ひぃ…………かっこよ………………あれだな、撮影終わりみたいだ、5割増でかっこいい。
「…………終わったのか?」
「あ、うん…………あと靴履くだけ。」
「そっか。………………その、」
「うん?」
目線を落として、きょろきょろ。
そして意を決したように目線を戻して、
「…………すげぇ、綺麗だ。」
「………………!!!」
彼の赤い顔が、こちらにも移る。恥ずかしくて思わず俯いた。
「あ、ありがと…………。」
「っふふ、2人してこんな格好するなんて、変な感じだな。」
「ほ、ほんとだよ…………早く寝巻きに着替えたい。」
「あの首元がびろびろに伸びたやつ?」
「そう。」
「あれそろそろ捨てろよ。」
「え!?や、やだよ…………お気に入りだもん。」
「新しいの買いに行こう。」
「…………それも魅力的だけど………。
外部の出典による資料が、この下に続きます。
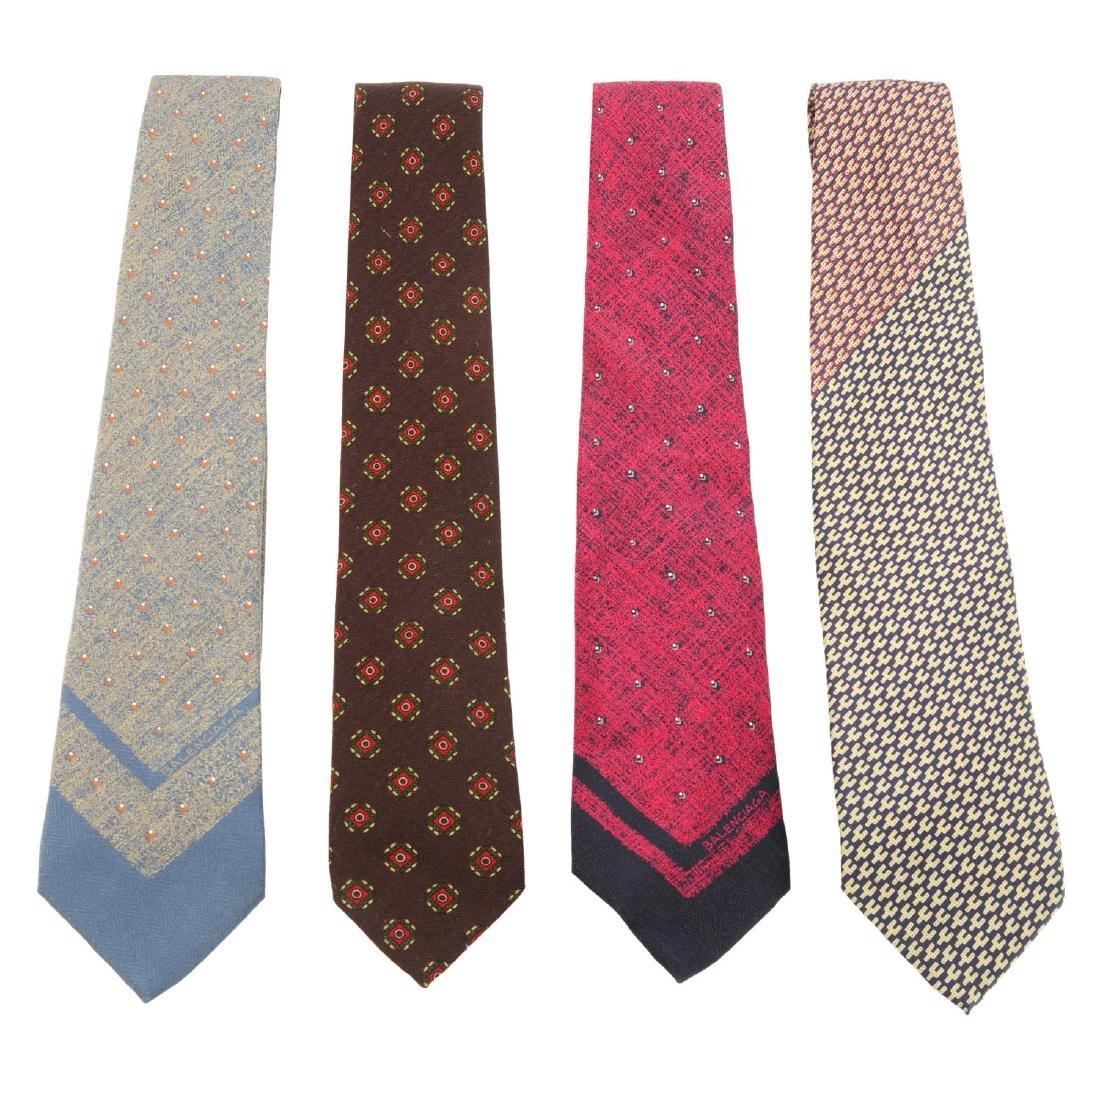 BALENCIAGA - six ties. To include a dark grey silk tie

」
焦凍くんとのお買い物もとても楽しいから、むむ。と考え込むとまた彼は楽しそうに笑った。
「……この靴履くのか?」
「あ、うん、そう。」
「貸して。」
「うん……?」
真っ赤な靴を攫われて、私の前に片膝ついた焦凍くん。
こ、これは………………シンデレラぁっ…………。
「だだだだだ、大丈夫!!じ、自分ではけ、」
「うお。大人しくしてろ、これなんか複雑な靴だぞ。」
「え、……そうなの?」
「あぁ。なんか紐がすげぇ。」
なんという事だ。なんでそんなもの私に渡したバーニン。あやうく上手く履けなくて苛立った私が紐を引きちぎるとこだったじゃないか。
「……よし、足貸して。」
優しく足を掬われて、靴に誘導される。
そして紐やらリボンやらを結んで仕上げていく焦凍くん。
わ、私は彼に何を…………一体何をさせているんだ……。
「……ん、出来た。」
「ありがとう、……なんかごめん。」
「いや。…………それにしても、」
頭から足までじっくり見られて
「…………俺色だな。」
「ヴッ……あ、その……私も思った…………。」
「ふふっ、嫌か?」
「い、嫌じゃないよ!!その、」
ちゃんと言葉にして伝えられないけれど、私は、私の心は焦凍くんの物だって言えてるみたいで、
「…………身につけてて、誇らしい色だよ。」
「……そっか。」
優しく微笑んだ焦凍くん。
「ちょっと歩いてみるか?ヒールなんて日頃履かねぇだろ。」
「う、うん。」
焦凍くんが差し出してくれた手に手を重ね、よいしょ。と立ち上がる。
「う、わ…………」
やはりと言うべきか。潜入捜査以外ではよっぽど履かないヒール。上手く足が前に進まない。
「大丈夫か?」
「なんか……あれだ…………竹馬…………。」
「ぶっ。竹馬って!!……どっちかって言うと逆だろ!」
た、確かに。それはそうなんだけど、それほどに歩きにくい!!痛い!!って言うか焦凍くんは笑いすぎ!!
「うわっ!?」
「うおっ。」
竹馬のことを考えたりしたからだろうか、ヒールが滑り転けそうになって、焦凍くんに抱きつく。
「あっぶな…………。」
「……………………パーティーで、こんな感じで男に抱きついたりとかするなよ。」
「ふ、不可抗力過ぎるよ!?」
「嫌ならずっと俺の隣にいてくれ。」
そう言って無邪気に笑った焦凍くんは、それが私にとって嫌がらせにでもなると思っているのだろうか。
「そんなの、……当たり前、…………じゃん。」
あぁ、また顔は赤くなってるだろうな。焦凍くんこっち見て嬉しそうに笑ってるから絶対そうだ。もう……。
「……ほんと、綺麗すぎるな。」
そう呟くと、焦凍くんは顔を近づけて、え、ちょ、
「………………ちょっと我慢してくれ。」
「は、ちょ、なに、」
耳元で声がしたかと思えば、首筋に柔らかな感触。
「んっ!?」
擽ったくて身をよじるが、焦凍くんに押さえつけられ動けない。
「な、なにして、っ!?」
ぢゅっ。そんな音と同時に鋭い痛み。
「………………ん。」
「ん、じゃ、な、なくて…………!!!なに、いまの、」
最後痛かったんだけど……!?か、噛んだ!?噛まれた!?なんで!?
「あー………………虫、除け。」
「虫除け!?」
なんだそれ。赤くなったりしてないと良いけど……。
「そろそろ親父たちも準備終わったんじゃねぇか?」
「そ、そうだね…………行こっか。」
なんとも納得がいかないというか、意味がわからないままだったが今はそれどころじゃない。
私は焦凍くんに縋り付くようにして、高いヒールを響かせた。